Third--your post has given me a great idea for a new one of my own.

RRRRRRR
http://en.wikipedia.org/wiki/Liebeck_v._McDonald's_Restaurants

Gotta say, if you come in contact with scalding liquid, then take immediate action. Forget the embarassment.

McDonalds used to serve the hottest coffee I ever encountered, and I could never drink it without it cooling down some.
Just whenever I think someone has a perfect life, something happens, like needing open heart surgery or a death. I never assume.
We've all been there and some of us have similar coffee scars to prove it!
We've all said things that we immediately wish we could take back, or come back to haunt us at a later time. One of the great things about online communication is that you can think before hitting "send," though many people apparently choose that option. Facebook allows you to delete comments - in fact, I deleted one of my own today because it seemed a little harsh.

BTW, I read something the other day that defended the McDonald's coffee woman. Apparently, McD's coffee was 40-50 degrees hotter than the coffee you serve yourself at home, and they'd had many complaints about it over the years.
Actually, I'm reminded of something I did here on OS. I went to a just-posted piece by someone and immediately posted a mockingly celebratory comment about being the first commenter. Then I read the post. Which was about a friend's tragic death.
I meant "many people DON'T choose that option."
cc--I just hope there's not a limit on the do-overs.

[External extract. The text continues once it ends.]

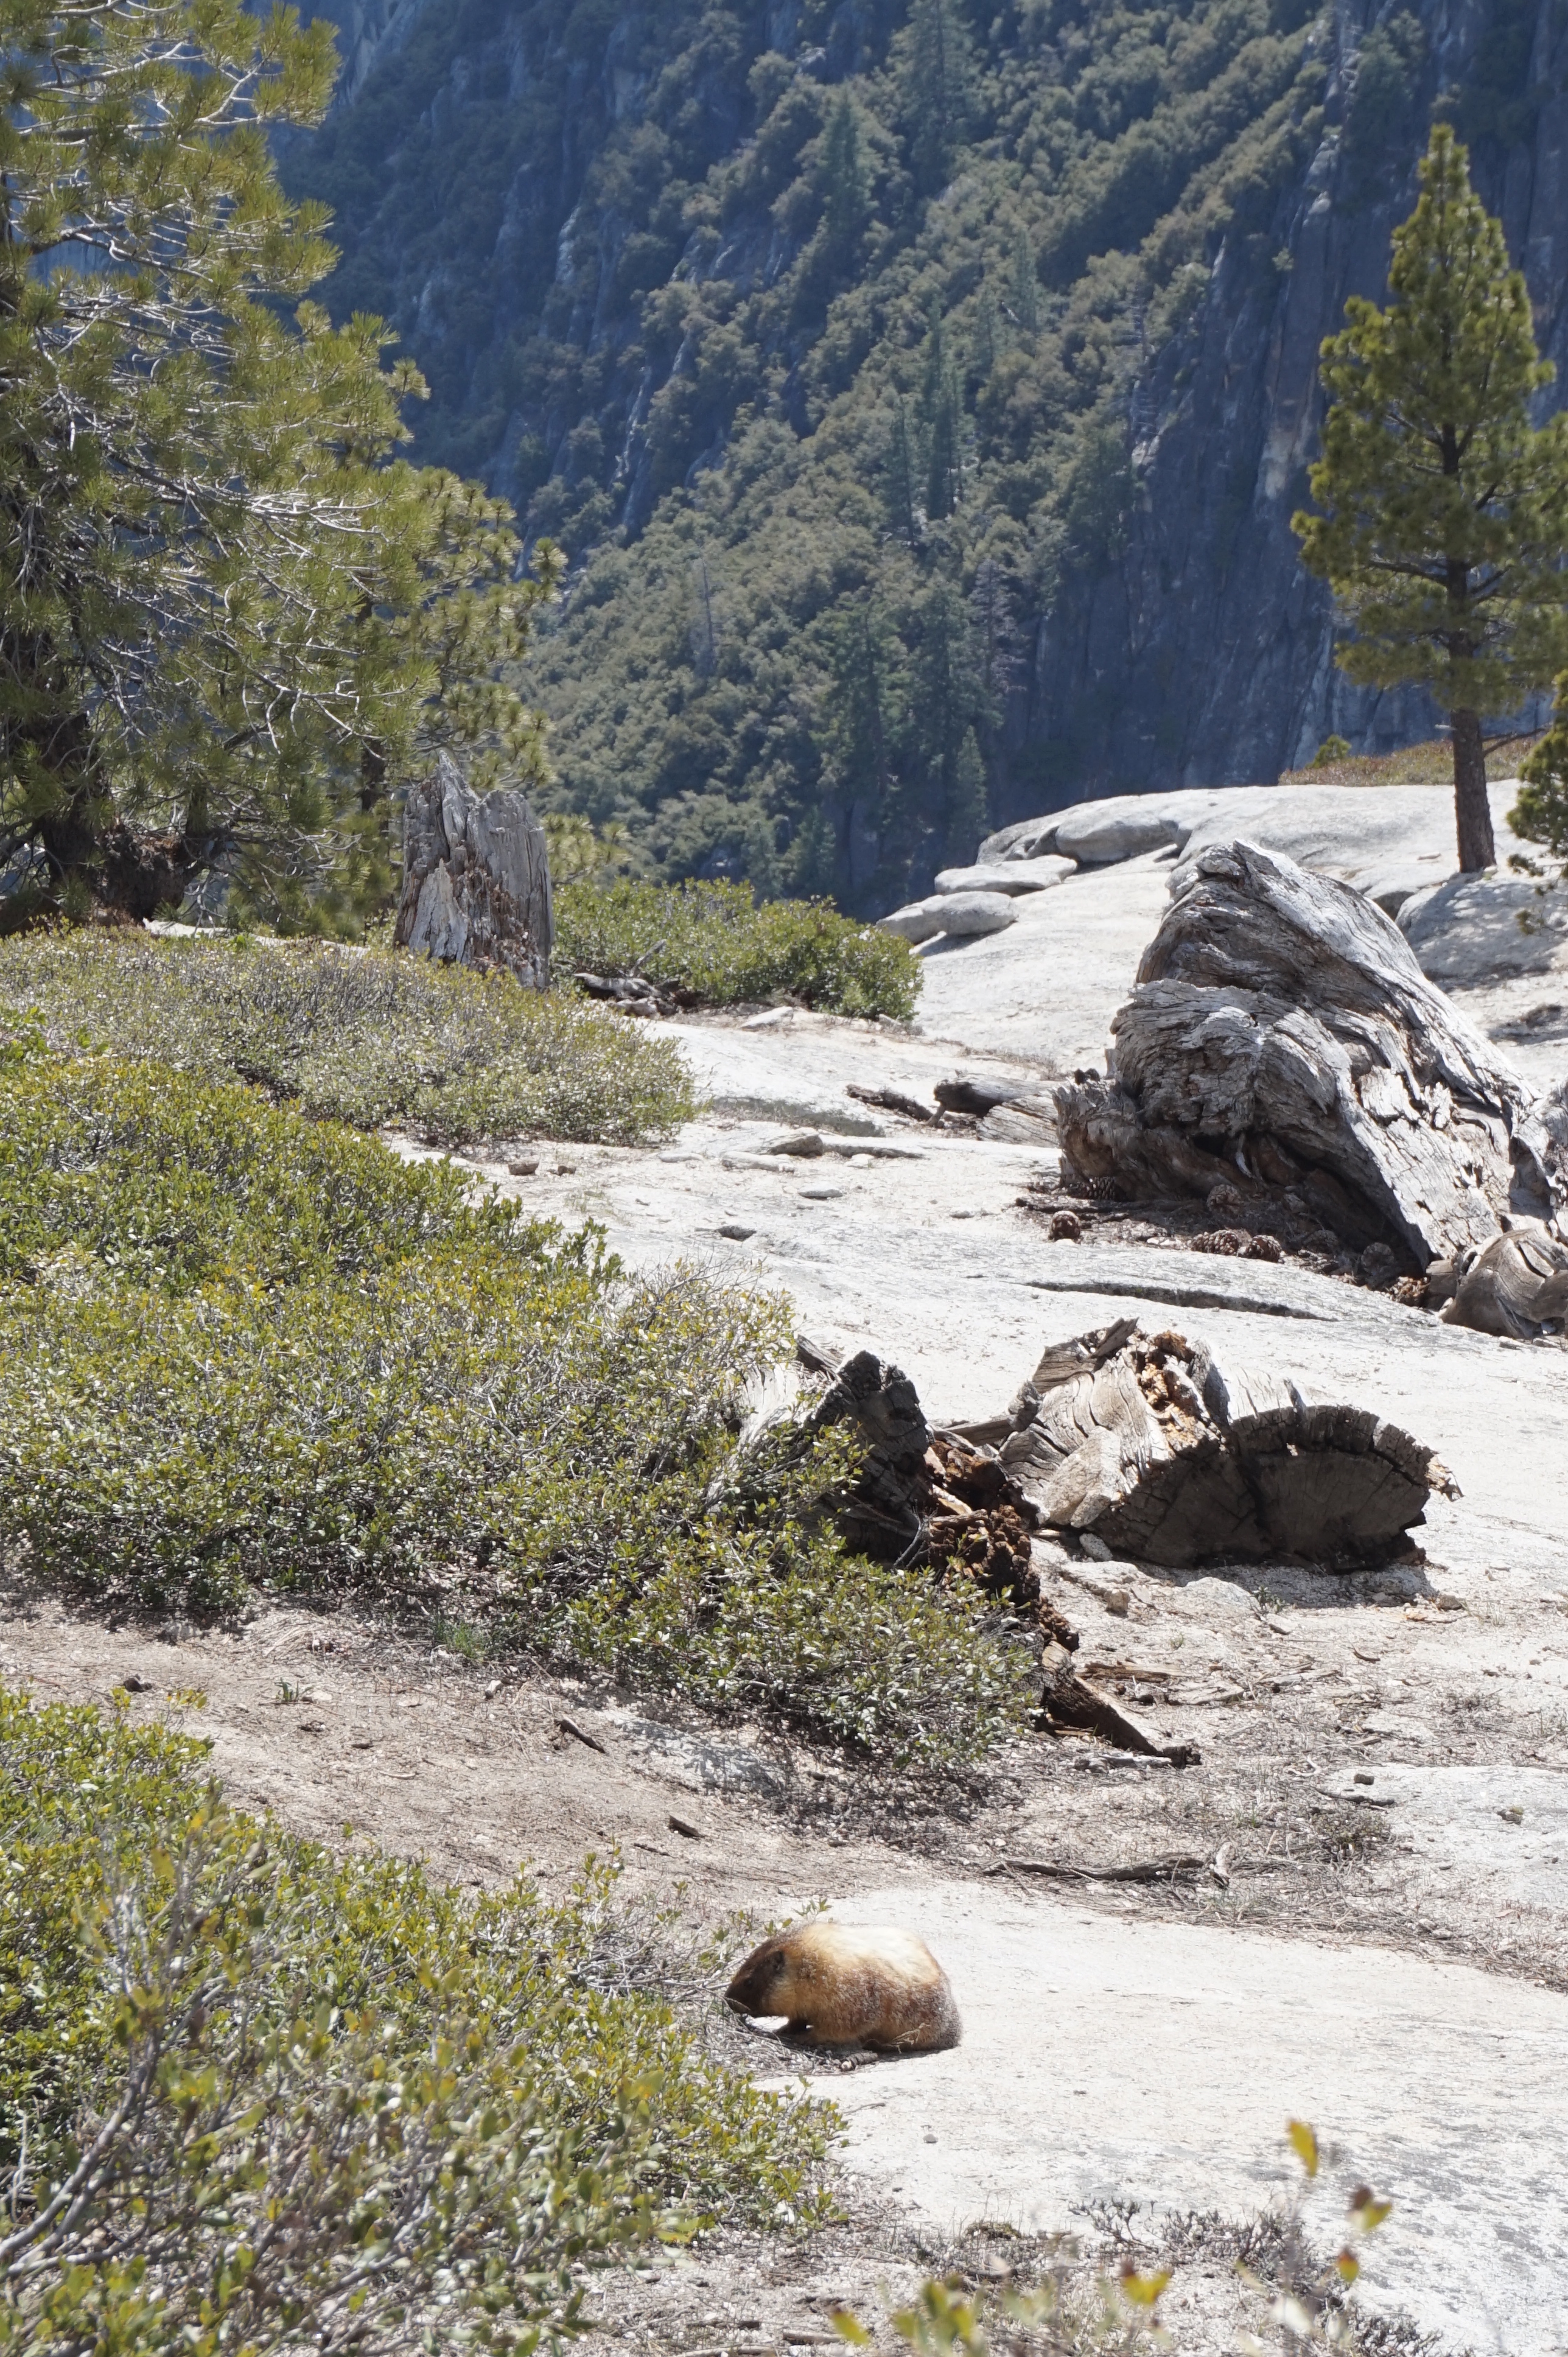 We spotted a yellow-belly marmot at Yosemite Point! I also later saw a bear casually crossing the street near Half Dome Village, but wasn't quick enough to pull out my camera. Tourists and rangers chased after it.

V--I look forward to reading your post.

Nick--I think I might handle it better next time.

jackie--I heard a quote once that stuck with me that basically said, "Never assume someone had a charmed life until you know the circumstances of their death."

Bell--I'm not totally surprised to hear I'm not the only one with scars.

Cranky--There was some legitimacy to the McDonald's lawsuit. You didn't hear that from the media at the time though.
Ow ow ow ow OW! I am so sorry and yes I find in life as soon as you say words that you instantly regret fate laughs and bites you in the butt! I knock wood but somehow she always hears me....
I felt bad reading this post but I know those things happen. I've had strings of bad things happen to me and to other people who read or hear of them they would seem terrible, even tragic. But when they happen to us it's just our life. Coincidentally, I dropped a kettle of boiling water on my foot once and it steam-burned me because of my cotton sock. No joke. So I hope you're feeling better--still, I don't believe we curse ourselves with what we say ...
I am not an expert on the subject but from I gathered, the huge amount in the McDonald's case was more due to the fact that McDonald's knew their cups were flimsy (as the flimsy cups were cheaper) and their coffee scalding, but didn't change because they figured they could just parcel out small amounts of money to people who got burnt, which was cheaper than buying better cups. So the large settlement was more to pressure McDonald's into changing their policy. (Although lucky for the woman with the lawsuit).

I also have a foot-in-mouth syndrome. It can get be quite embarrassing; a lot of times I just need to remind myself to think first and speak later.